Среди низменных чащ чернолесья, где редко увидишь следы от колёсных возов с перекатами, по извилистой узкой тропе друг за другом скакал полный конный десяток. Путники были одеты в дорогу по-боевому – полосчатая броня со щитками поверх, ножная защита, шеломы на головах. Покачивались взнятые жалами ввысь долгие копья с трепещущими на ветру синевою полотнищ стяжка́ми их кийна – вежей-буррой на берегу, сотрясаемой дуновением сильных ветров грозовых туч с восхода.

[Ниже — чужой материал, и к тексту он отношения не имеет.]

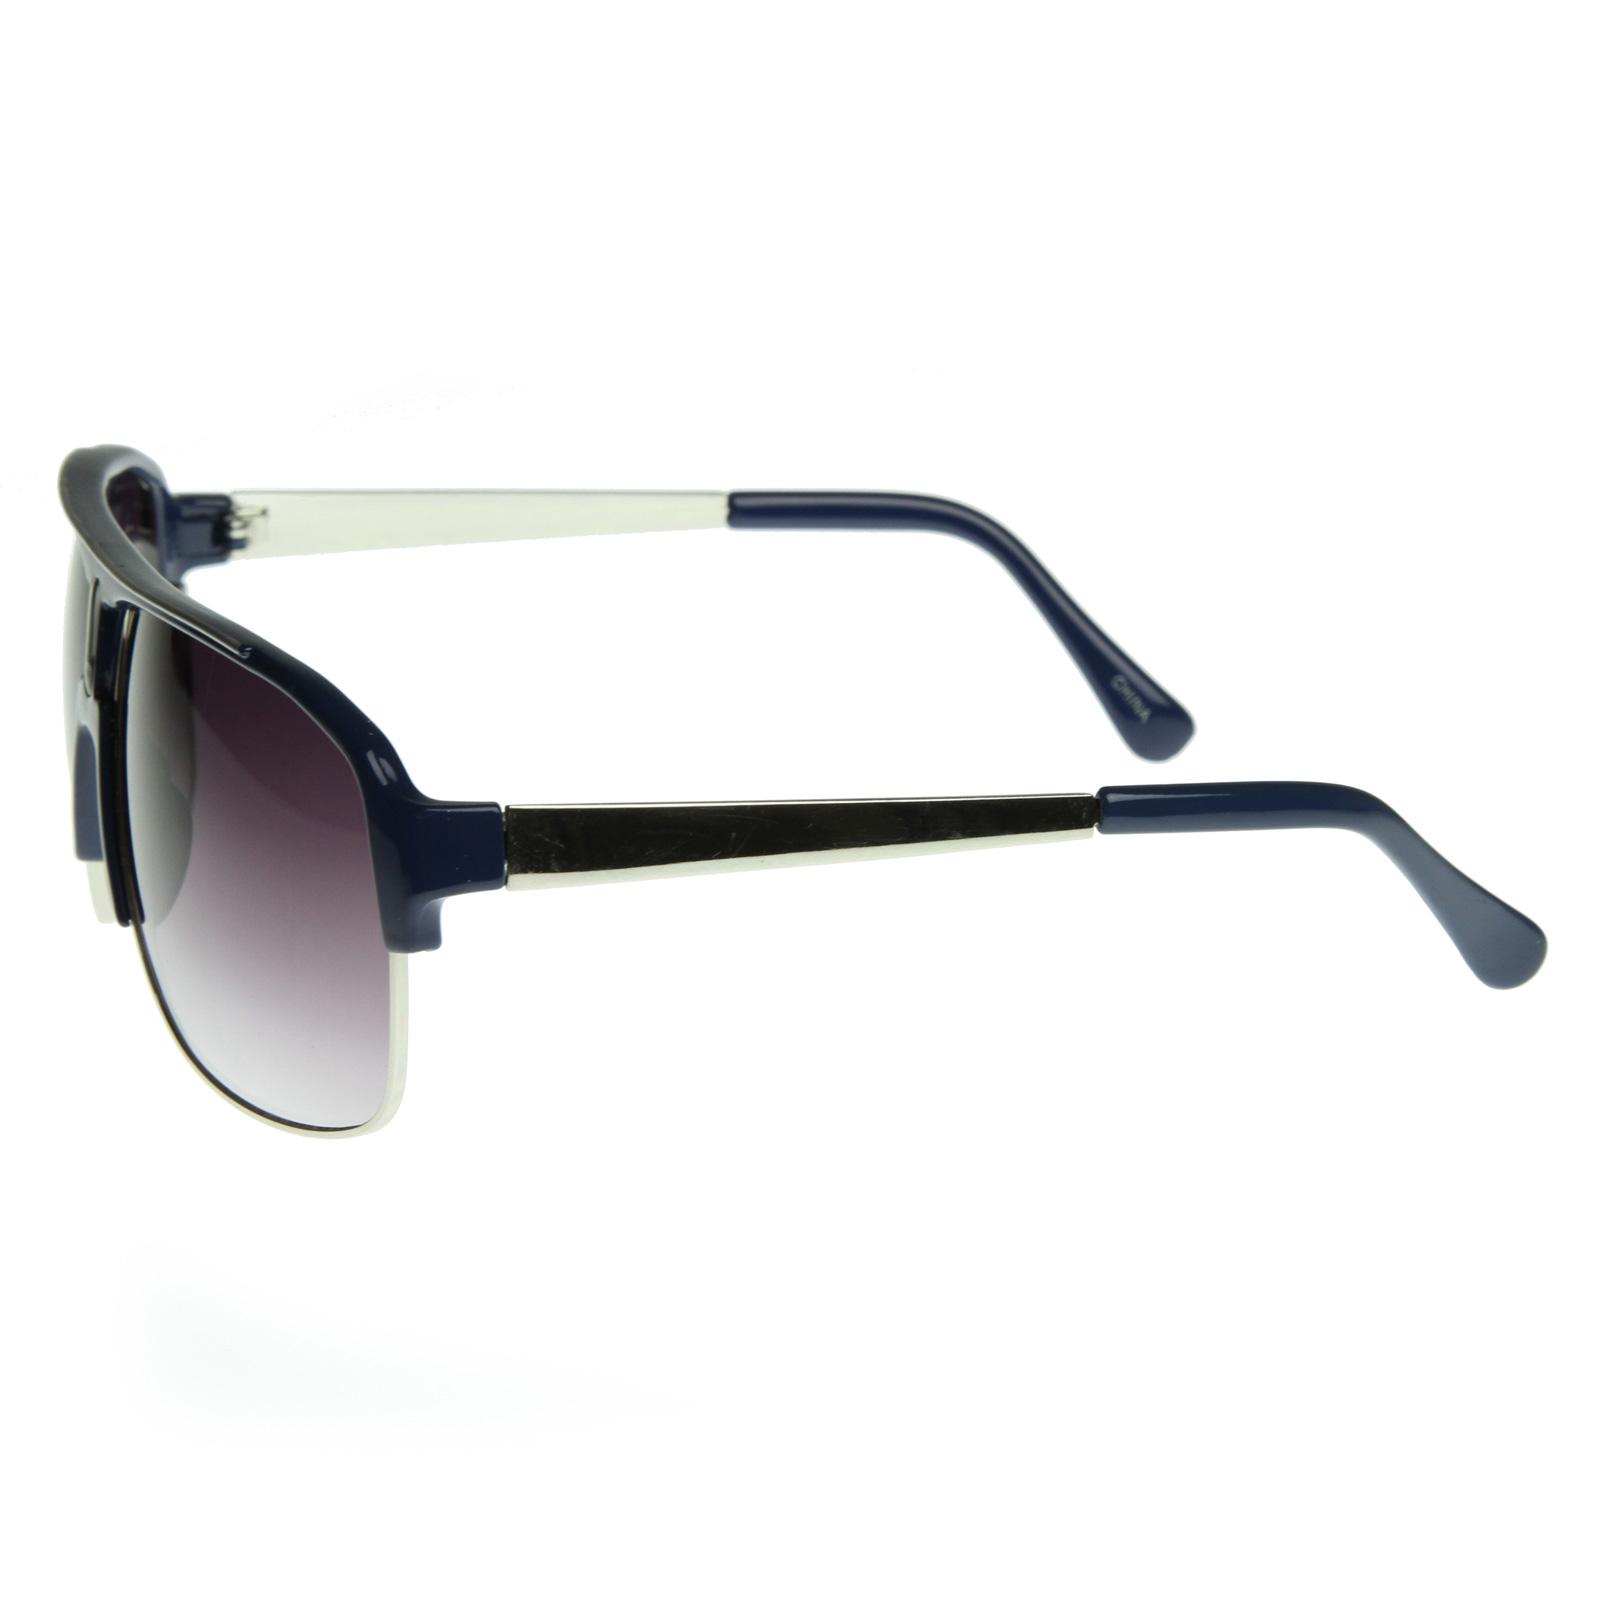 Big Frame Aviator Glasses : European Inspired Large Clubmaster Half Frame 80s Style ...
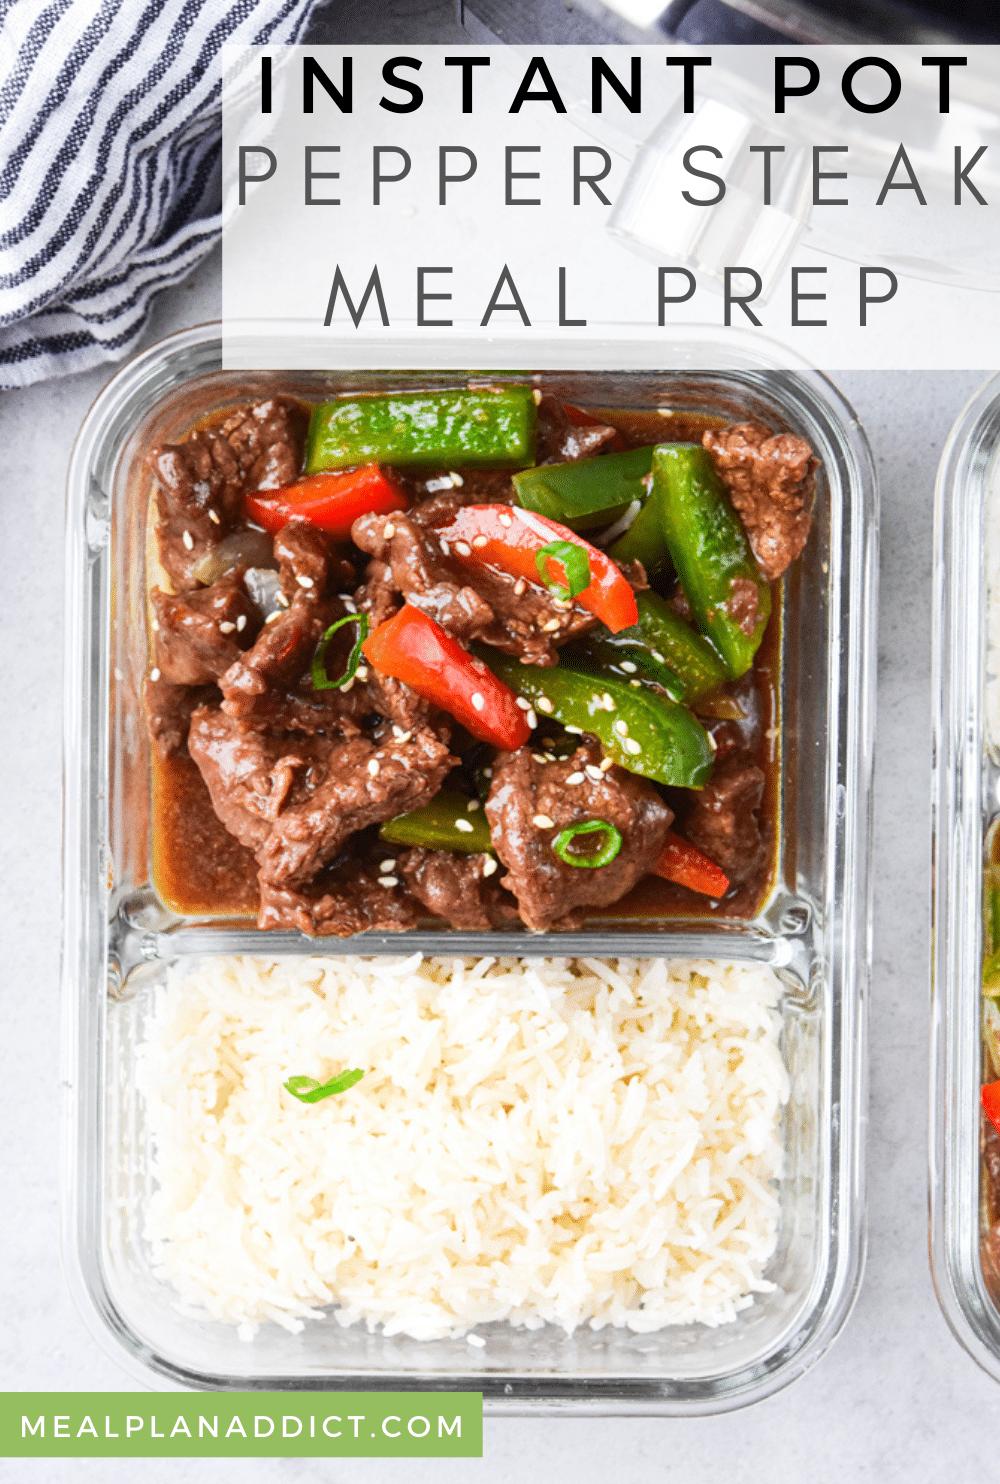 Meal Prep Instant Pot Pepper Steak Stir Fry Recipe | Meal Plan Addict

Еловые дебри с обоих боков обступали взбегавшую с кручи на кручу тропу, где лишь птичьи чириканье с гомоном нарушали покой дикой чащи. Топот конских копыт отдавался в вершинах деревьев, укрывавших как ворс склоны двух крутых гряд, меж которыми вился их путь. Он то нырял вниз в распадки с сырыми низинами чёрных ольшаников в море зелёных хвощей орляка на дне горной долины, то взвивался сквозь высокотравье по узким уступам в земле и камнях над туманными пропастями обрывов глубиной в пару сотен локтей. Позади них в прорехах сплетений колючих ветвей устремлялась в синь неба громада ушедшей ввысь кручи горы Брáнндуб-мóр-барр, на чьей голове среди мшистого камня вились на ветру приносимые им облака и туманы. Далеко над простором виднелась она – Черновранья Вершина – чтимая с древности в Эйрэ гора, место кончины великого Бхил-а-намхадда.
– Э-э-эй, земляки! – внезапно раздался из чащи встревоживший их мужской окрик на здешнем наречии.
Всадники резко остановили коней, и на ходу весь десяток слаженно вскинул ввысь копья и луки, пристально оглядываясь по сторонам – не засада ли это, не подстерегли ли их тут на тропе разбойничающие душегубы – или тем хуже, что верные ёрлу воители кийнов из Áйтэ-криóханн.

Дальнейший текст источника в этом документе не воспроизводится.